Histological analysis
After CSF and serum sampling, the animals were injected with 400 IU of heparin (n = 10 per group). They were then submitted to transcardiac perfusion with 0.9% saline followed by 4% paraformaldehyde in 0.1 M phosphate buffer pH 7.4. The brains were removed and post-fixed in the same solution at room temperature for 4 h. For the morphological analysis, brains were cryoprotected with a 30% sucrose solution for 2 days. Coronal sections (50 μm) were obtained using a Vibratome (Leica, Germany).
One section in six random series was collected for immunohistochemistry. Immunohistochemical detection was carried out in the sections with all fields of the hippocampus (an area of the hippocampus extending between the Bregma ±2.30 and ±3.80, Plate 29–34, according to Paxinos & Wattson Atlas).
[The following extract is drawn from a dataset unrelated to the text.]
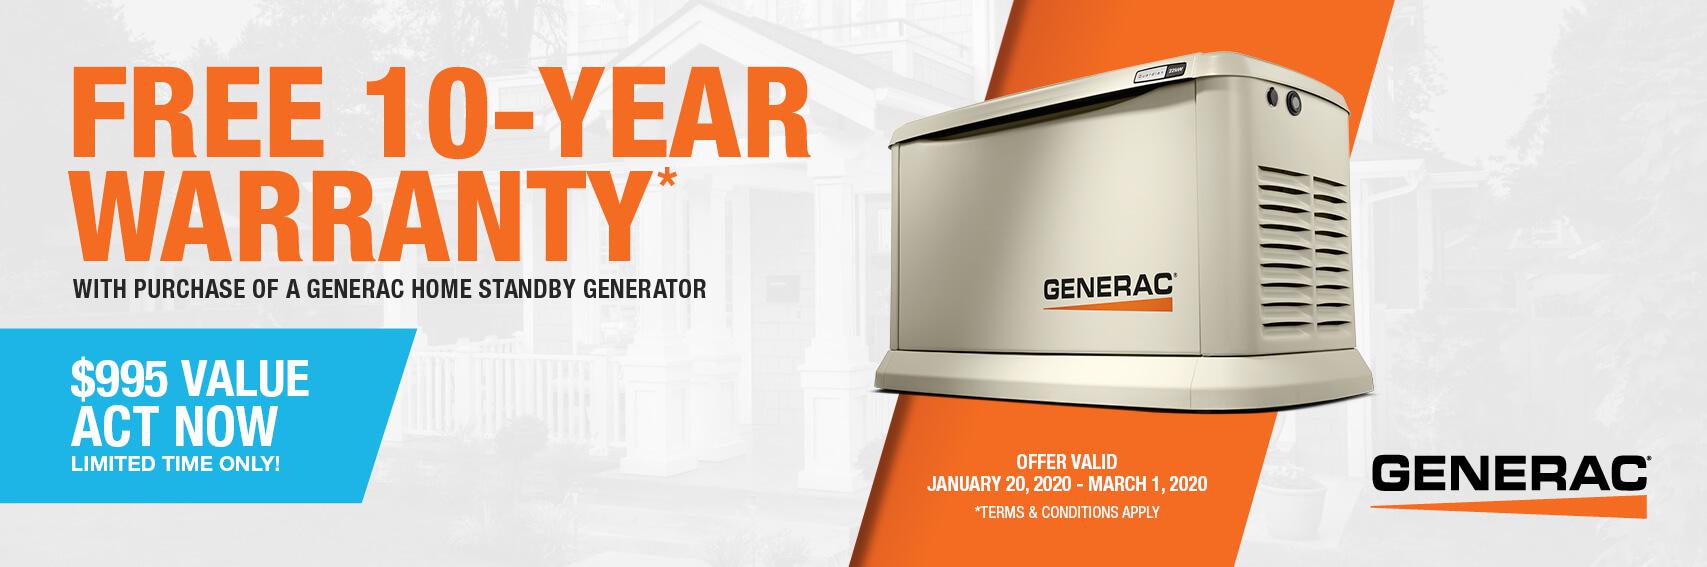 Homestandby Generator Deal | Warranty Offer | Generac Dealer | Knightstown, IN
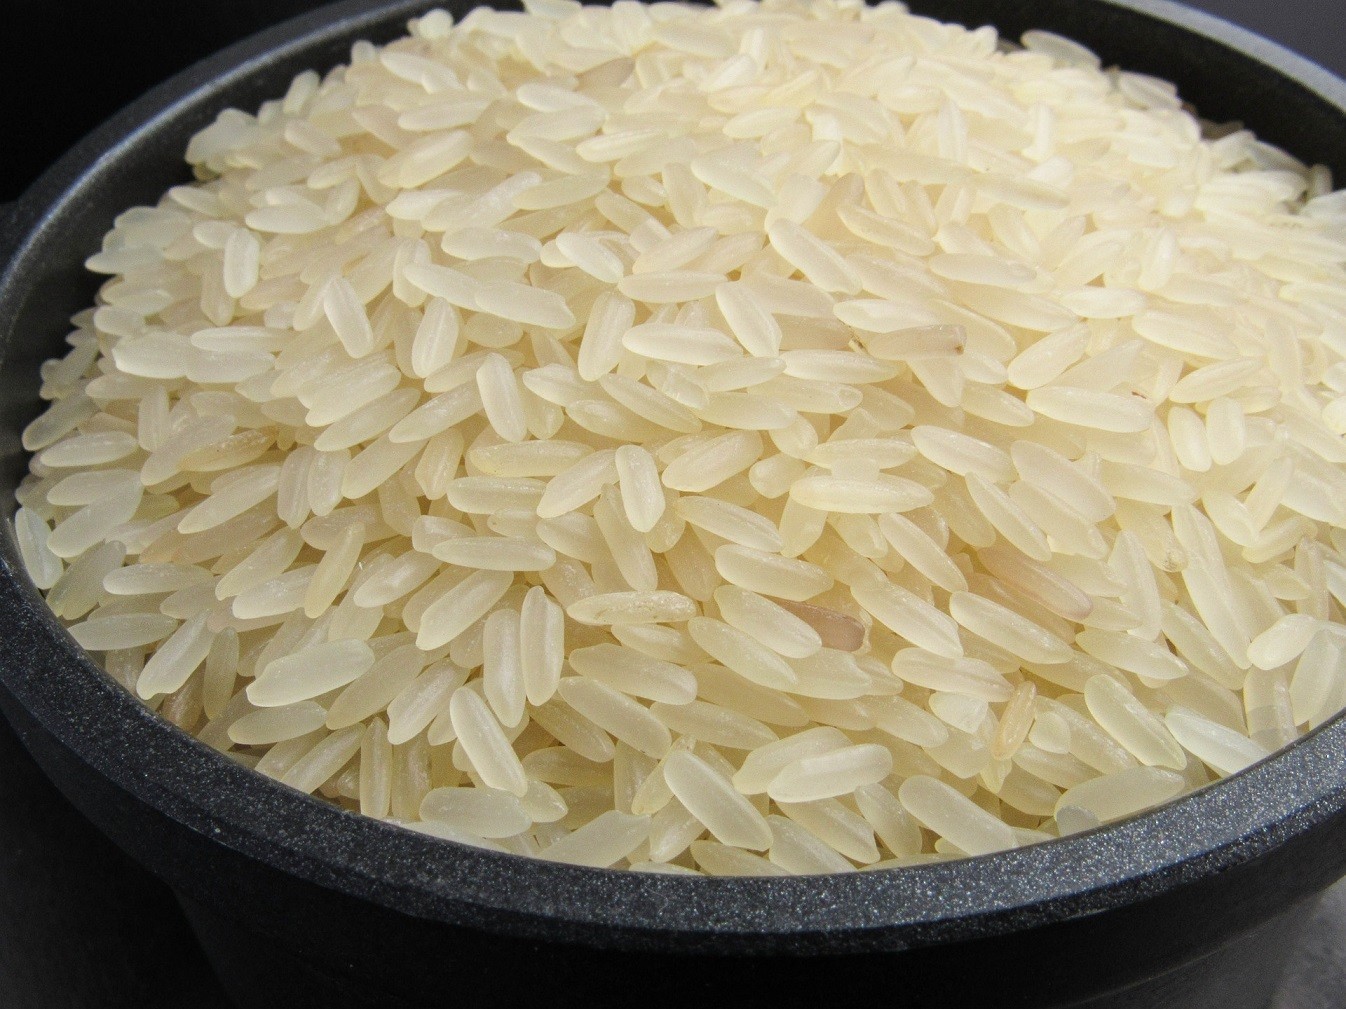 Δέλτα Αξιού: Εκεί όπου παράγεται το ελληνικό ρύζι και εξάγεται παντού

The sections were incubated for 48 h at 4°C with polyclonal rabbit anti-GFAP antiserum (Dako, UK, 1:500) and polyclonal mouse anti-NeuN (Chemicon, 1:250) in tris buffered (pH 7.4) saline anti-serum (TBS) containing 0.2% of Triton-X 100 and 10% of bovine serum. After being washed several times with TBS, the sections were incubated with 594 alexa-conjugated goat antirabbit and 488 alexa-conjugated rabbit antimouse antibodies for 2 h at room temperature. The sections were mounted on slides coated with 2% gelatin with chromium and potassium sulfate, using Vectashield mounting medium (Vector Laboratories, São Paulo, Brazil). All sections were photographed with a confocal microscope (Olympus, Japan).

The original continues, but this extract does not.